Using the Extended Euclidean algorithm:

$315N \equiv 1\,\bmod\,11\,\,\,N = -3$
$315N \equiv 1\,\bmod\,7\,\,\,N = 3$
$315N \equiv 1\,\bmod\,5\,\,\,N = 2$
$315N \equiv 1\,\bmod\,9\,\,\,N = 4$

$\sum_{i = 1}^4 = \begin{cases} 1 \cdot 315 \cdot \left( -3 \right) = -945 \ 2 \cdot 495 \cdot 3 = 2970 \ 3 \cdot 639 \cdot 2 = 4158 \ 4 \cdot 385 \cdot 4 = 6160 \end{cases}$

$\sum = 12343$

$x = 12343\,\bmod\,3465 = 1948$


If $p \$ is prime and $> 2 \$, examining the nonzero elements of $\mathbb Z_p = \{ 1, 2, \ldots , p - 1 \}$, it is sometimes important to know which of these are squares. If for some $a \in \mathbb Z_p^*$, there exists a square such that $b^2 = a \$. Then all squares for $\mathbb Z_p^*$ can be calculated by $b^2\,\bmod\,p$ where $b = 1, 2, \ldots , \left( p - 1 \right) / 2 \$. $a \in \mathbb Z_n^*$ is a quadratic residue modulo $n \$ if there exists an $x \in \mathbb Z_n^*$ such that $a \equiv x^2\,\bmod\,n$. If no such $x \$ exists, then $a \$ is a quadratic non-residue modulo $n \$. $a \$is a quadratic residue modulo a prime $p \$ if and only if $a^{\tfrac {p - 1}{2}}\,\mod\,p = 1$.

### Example

For the finite field $\mathbb Z_{19}$, to find the squares $\mathbb Z_{19} = \{ 1, 2, \ldots , 9 \},$, proceed as follows:

$\begin{matrix} 1^2 = 1 & 2^2 = 4 & 3^2 = 9 \ 4^2 = 16 & 5^2 = 6 & 6^2 = 2 \ 7^2 = 11 & 8^2 = 7 & 9^2 = 5 \end{matrix}$



The values above are quadratic residues. The remaining (in this example) 9 values are know as quadratic nonresidues. the complete listing is given below.

$p = 19 \$
Quadratic residues: $1, 2, 4, 5, 6, 7, 9, 11, 16 \$
Quadratic nonresidues: $3, 8, 10, 12, 13, 14, 15, 17, 18 \$


### Legendre Symbol

The Legendre symbol denotes whether or not $a \$ is a quadratic residue modulo the prime $p \$ and is only defined for primes $p \$ and integers $a \$. The Legendre of $a \$ with respect to $p \$ is represented by the symbol $L \left( \tfrac{a}{p} \right)$. Note that this does not mean $a \$ divided by $p \$. $L \left( \tfrac{a}{p} \right)$ has one of three values: $0, 1, -1 \$.

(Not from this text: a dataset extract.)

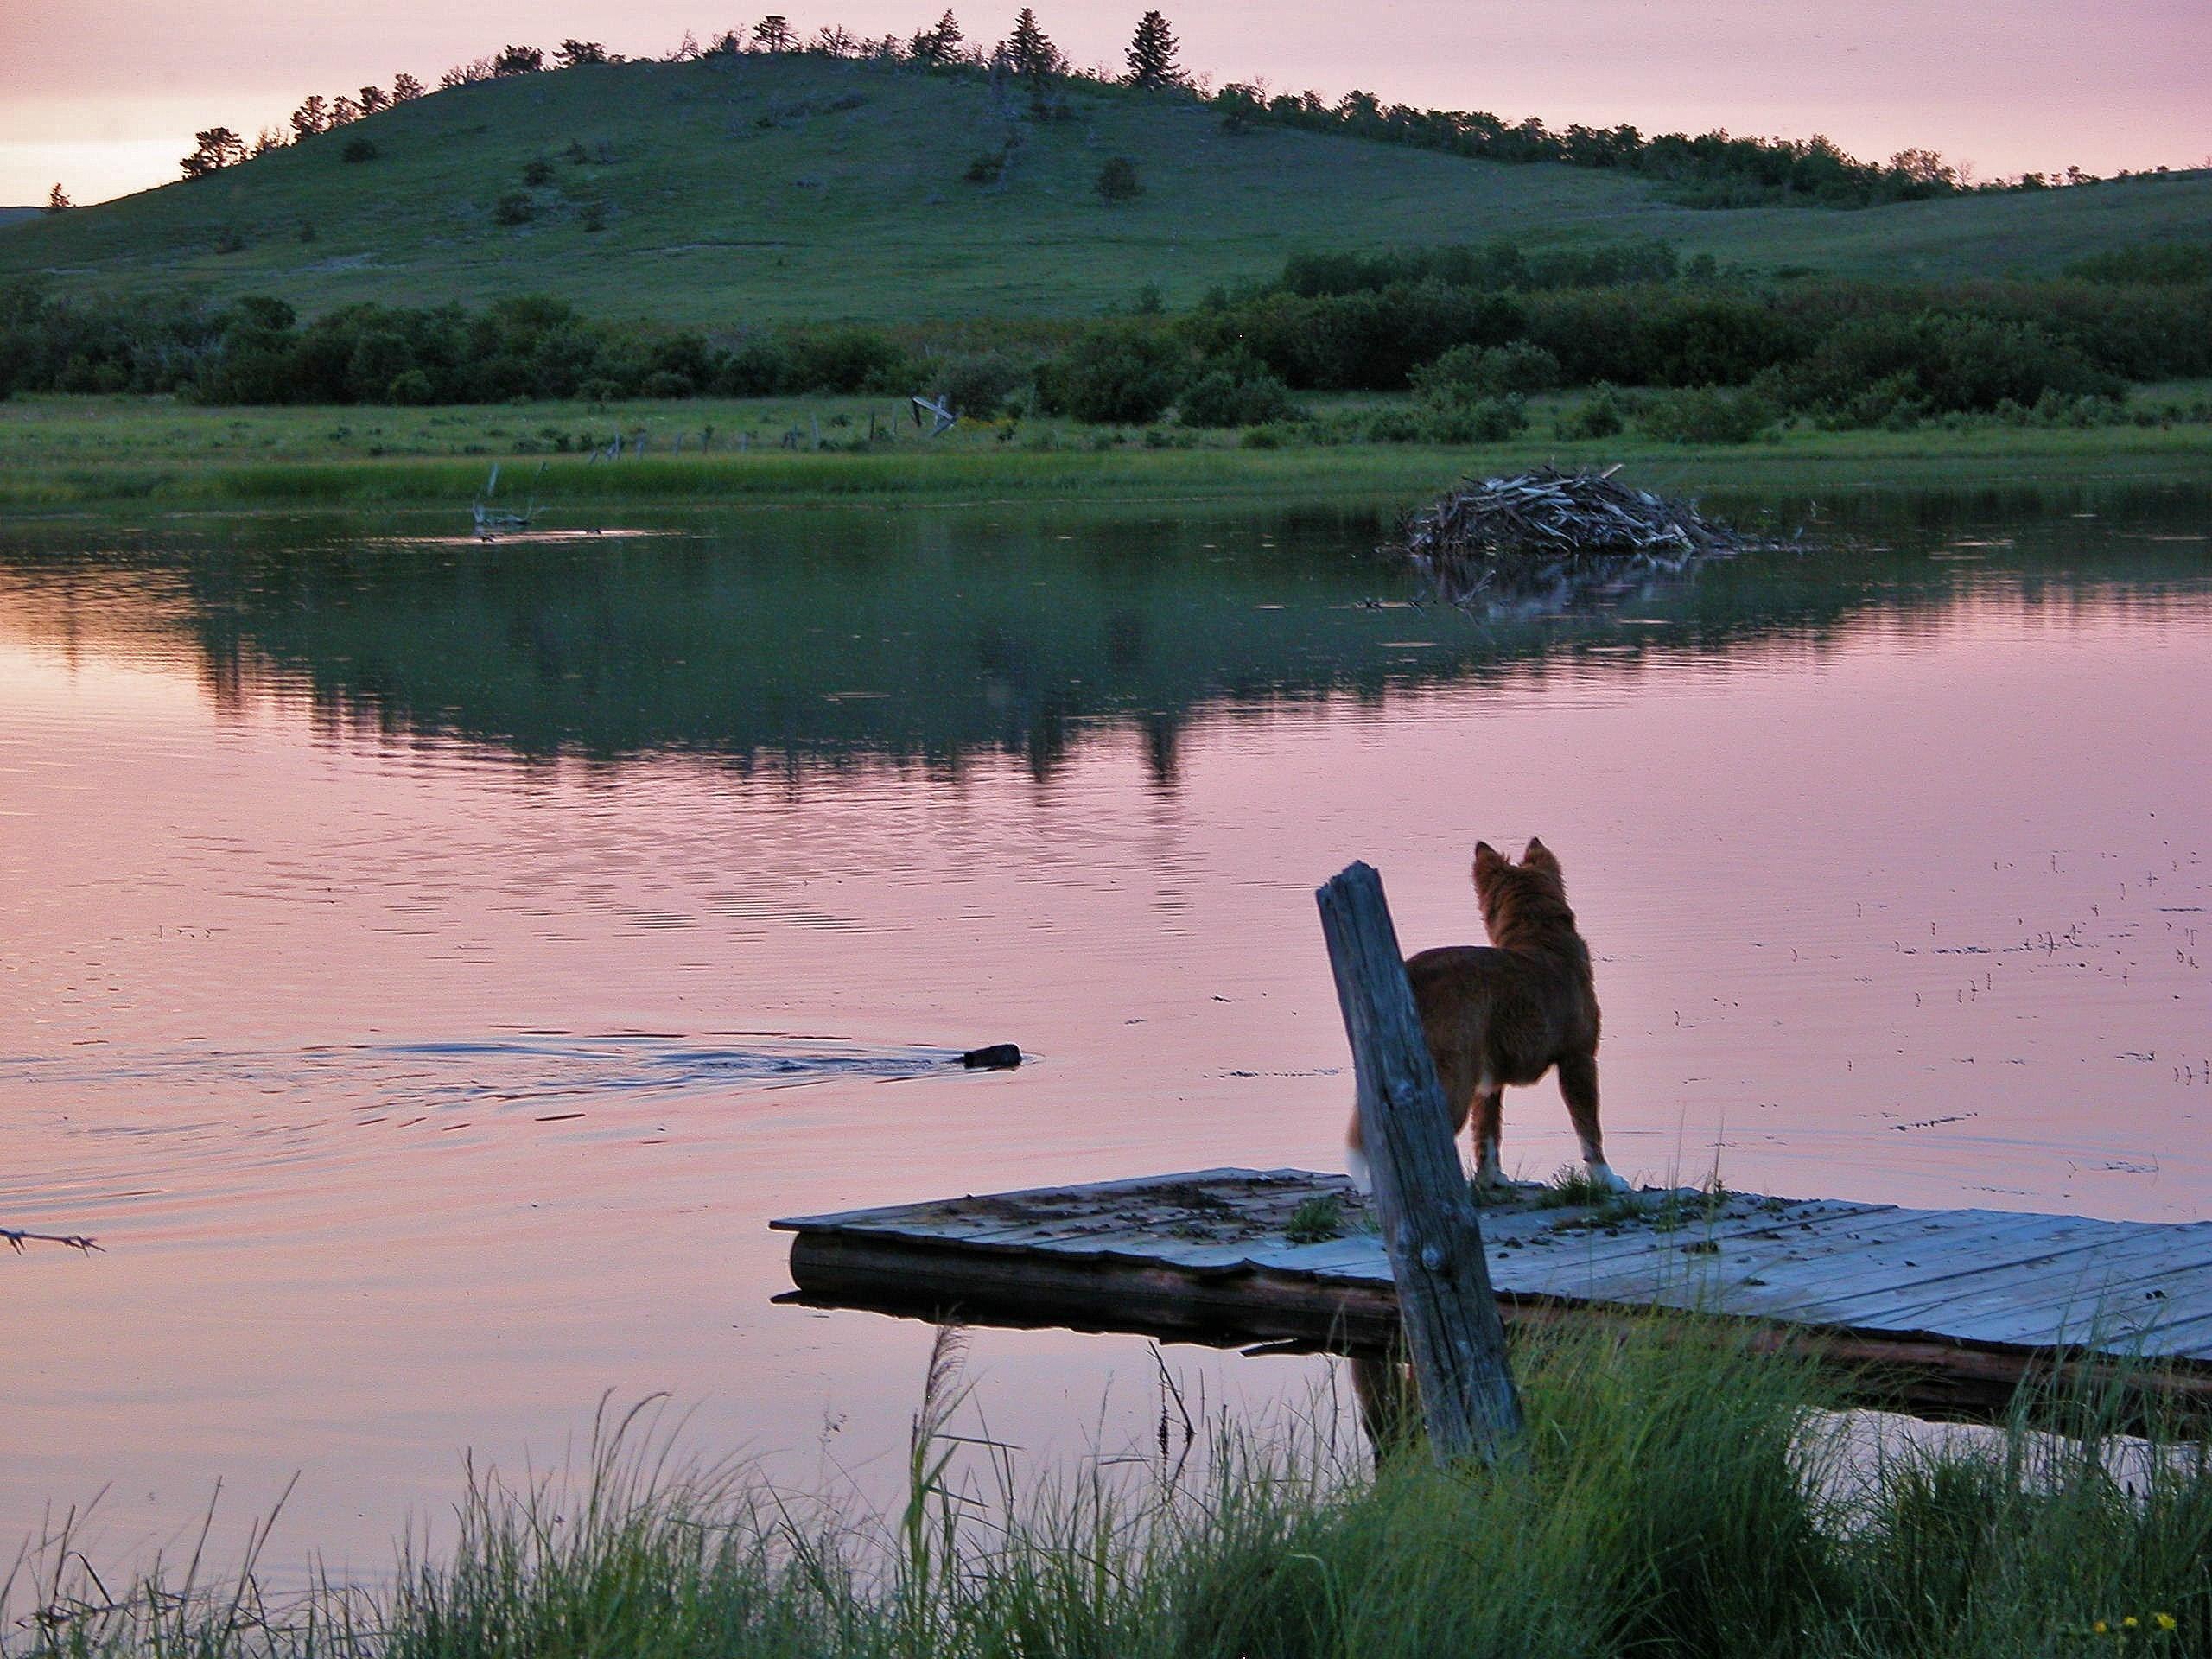 Aspenwood Resort, Browning MT

$L \left( \tfrac{a}{p} \right) \begin{cases} 0, & \mbox{if }p\mbox{ divides }a\mbox{ evenly} \ 1, & \mbox{if }a\mbox{ is a quadratic residue modulo }p \ -1, & \mbox{if }a\mbox{ is a quadratic nonresidue modulo }p \end{cases}$

### Jacobi Symbol

The Jacobi symbol applies to all odd numbers $n > 3 \$ where $n = p_1^{e_1}p_2^{e_2} \ldots p_m^{e_m} \$, then:

$J \left( \tfrac{a}{n} \right) = L \left( \tfrac{a}{p_1} \right)^{e_1} L \left( \tfrac{a}{p_2} \right)^{e_2} \ldots L \left( \tfrac{a}{p_m} \right)^{e_m}$

If $n \$ is prime, then the Jacobi symbol equals the Legendre symbol (which is the basis for the Solovay-Strassen primality test).